(Beginning of EXERCISE DATA)
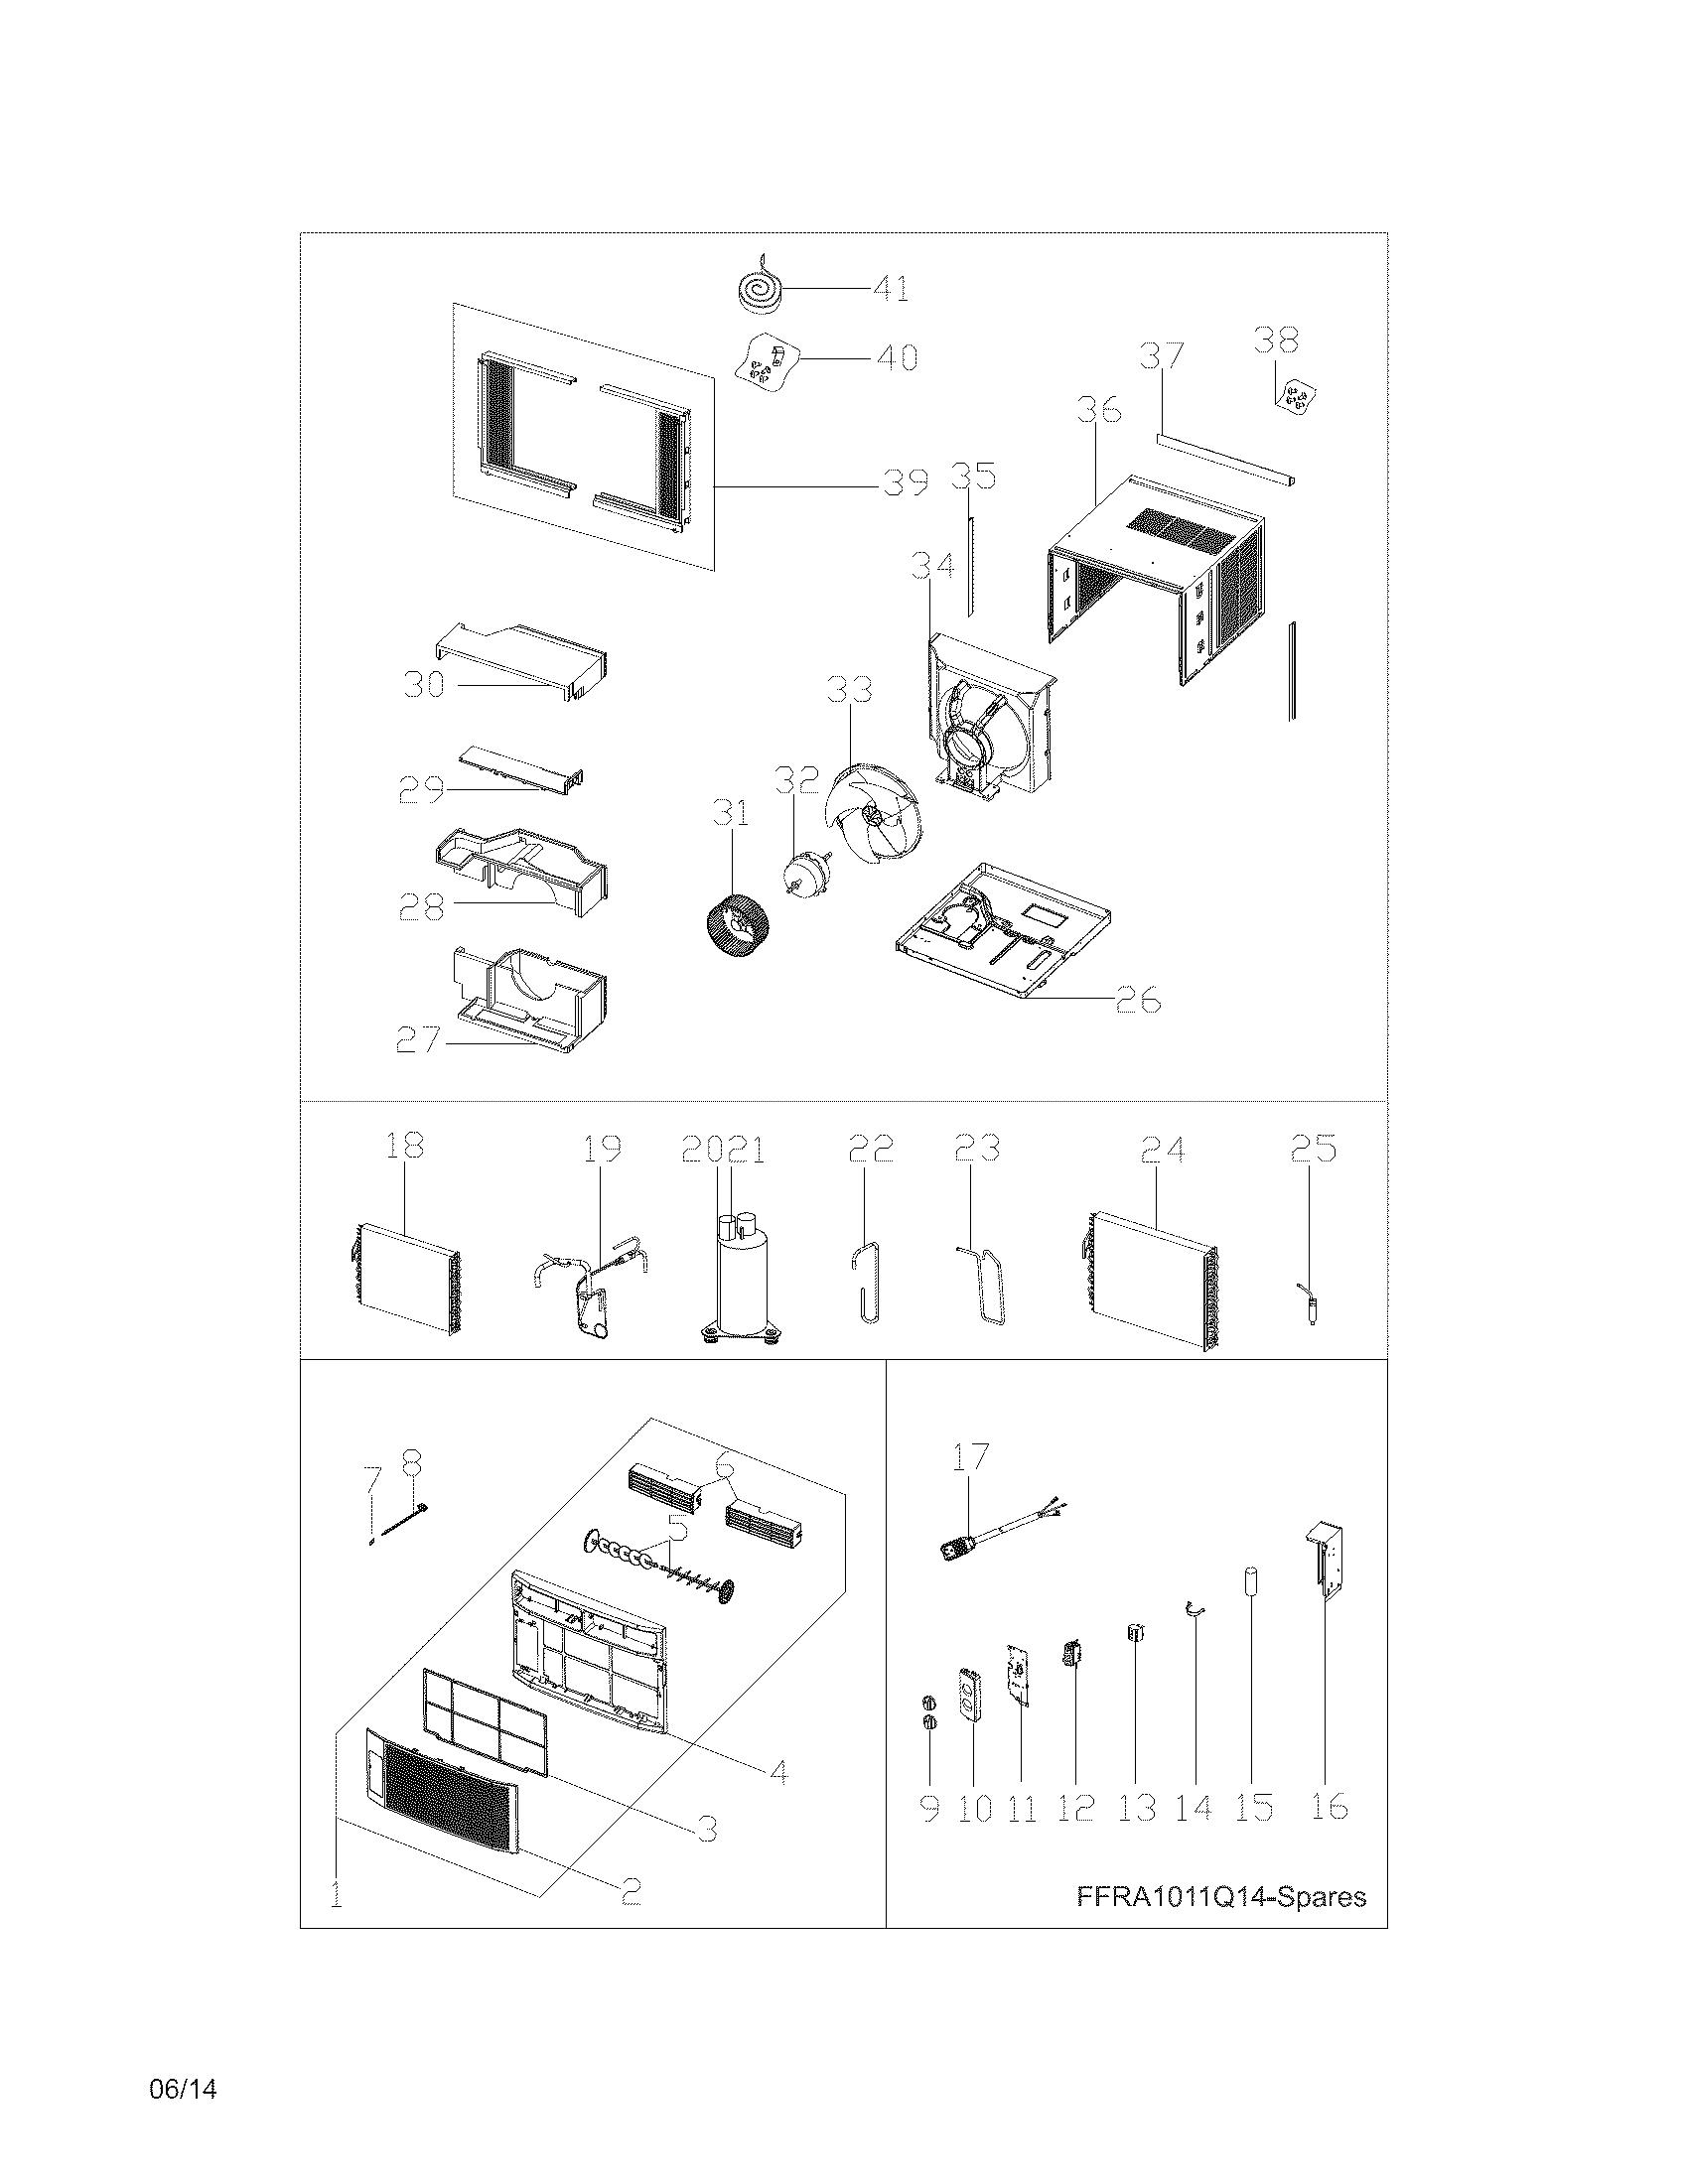 Frigidaire Ffra Q15 Screw Kit 4 Pc
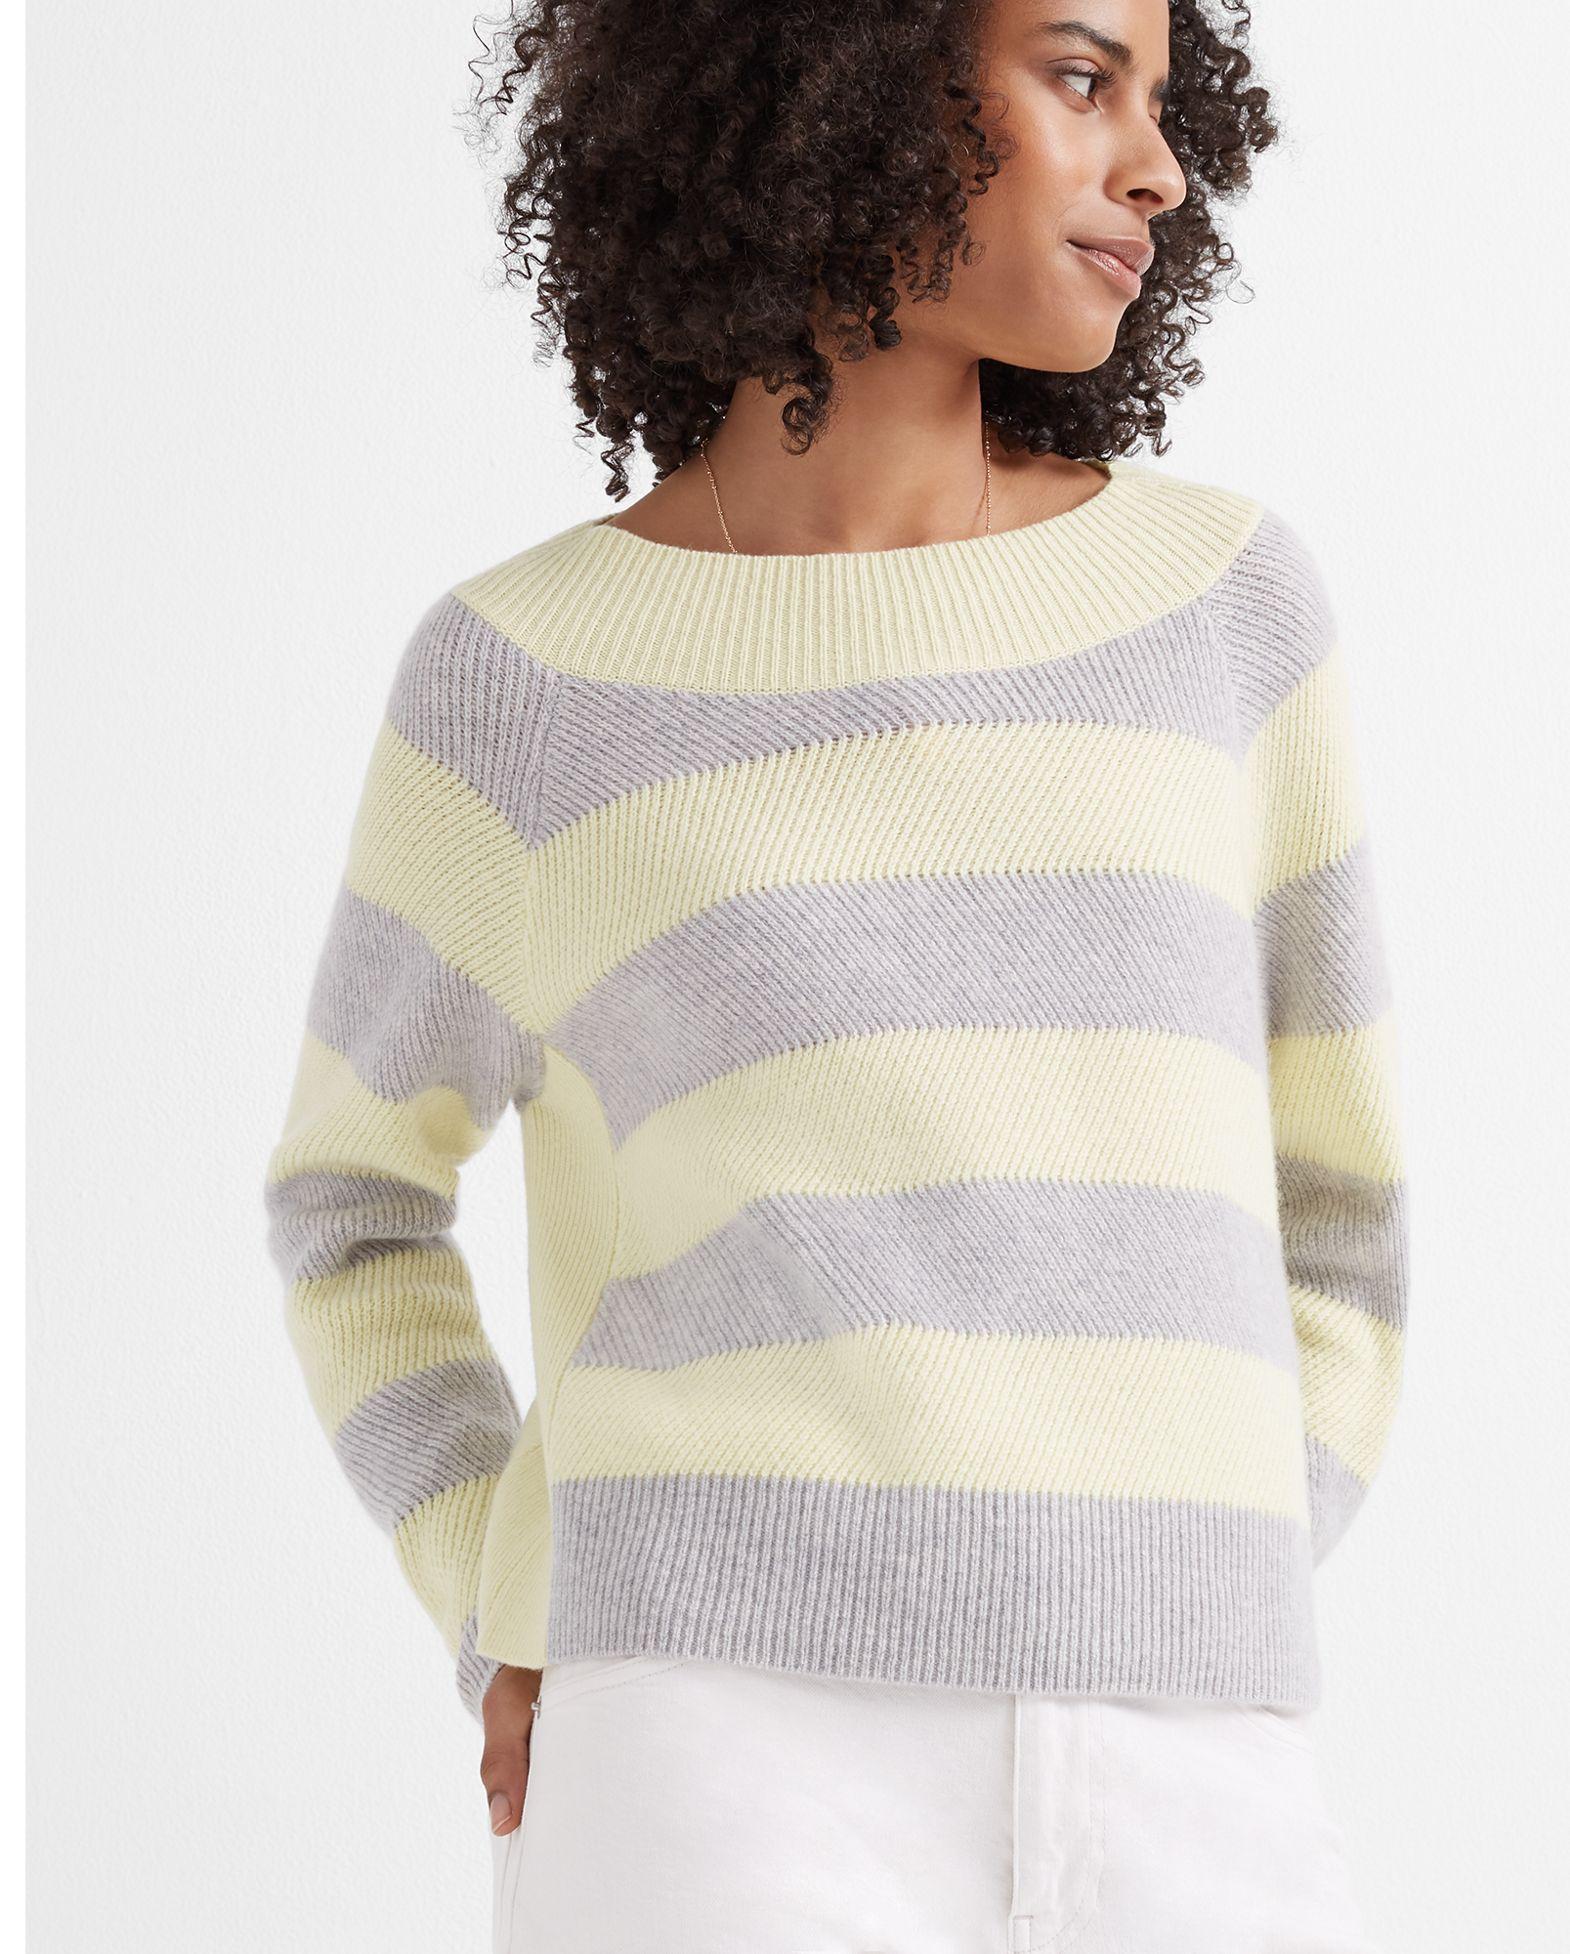 Racked Stitch Cashmere Sweater
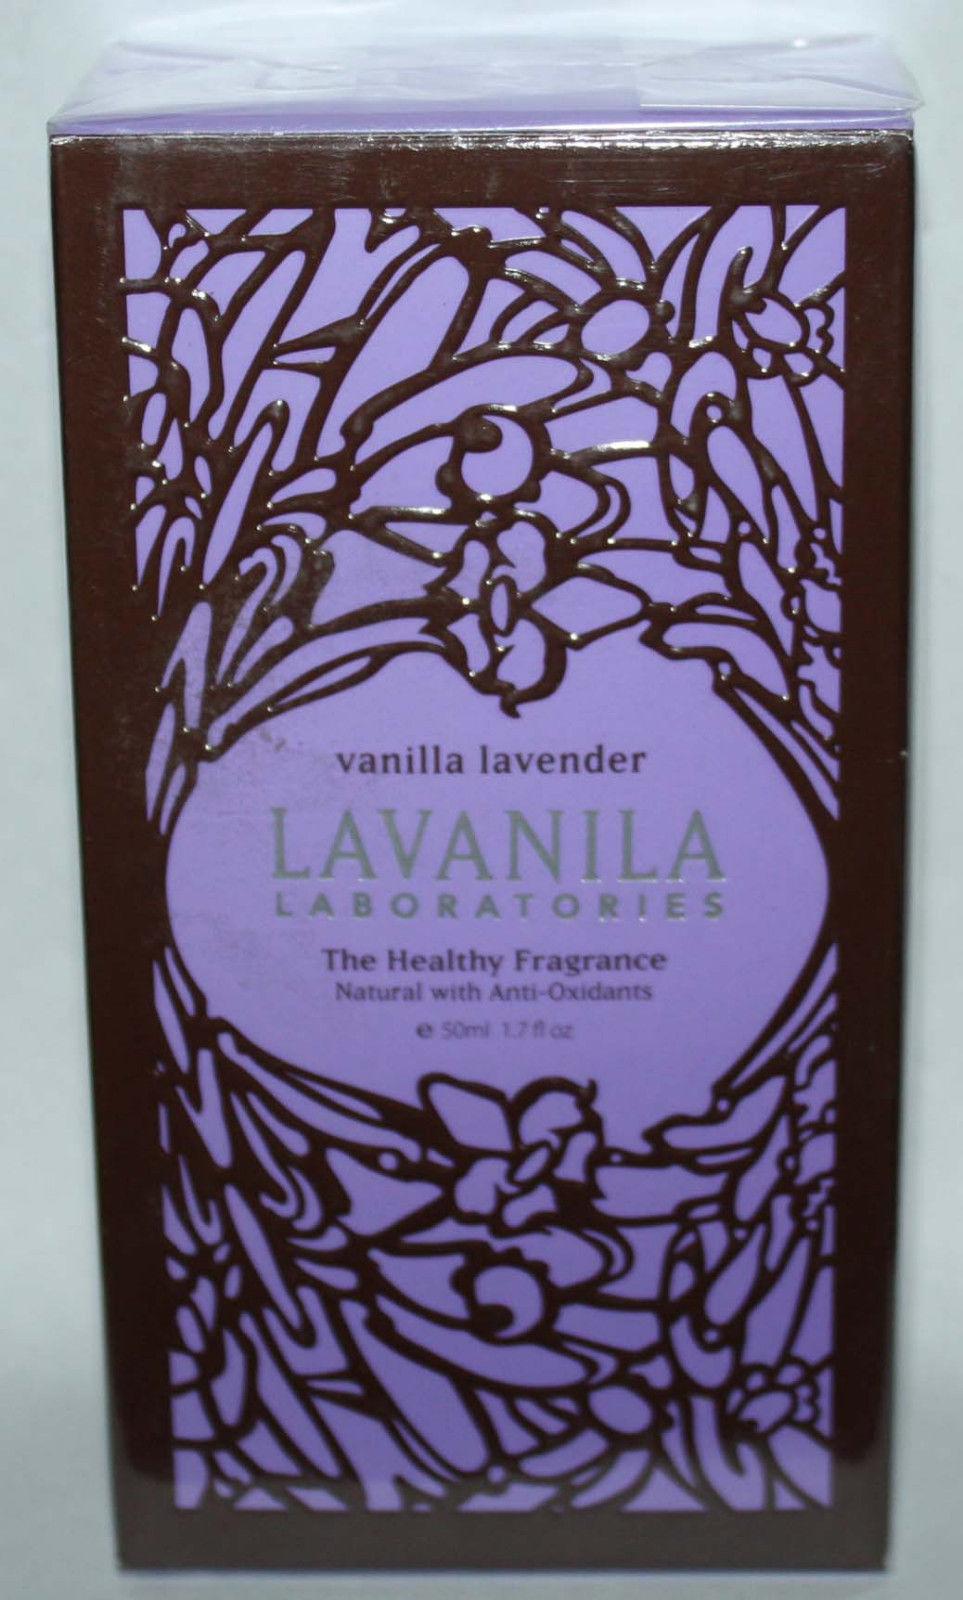 Lavanila The Healthy Fragrance VANILLA LAVENDER 1.7 oz 10859
(End of EXERCISE DATA)
- DESCRIPTION OF THE TASK
Each line of the data should be quoted exactly, with pictures left out.

- THE ANSWER
 Frigidaire Ffra Q15 Screw Kit 4 Pc
 Racked Stitch Cashmere Sweater
 Lavanila The Healthy Fragrance VANILLA LAVENDER 1.7 oz 10859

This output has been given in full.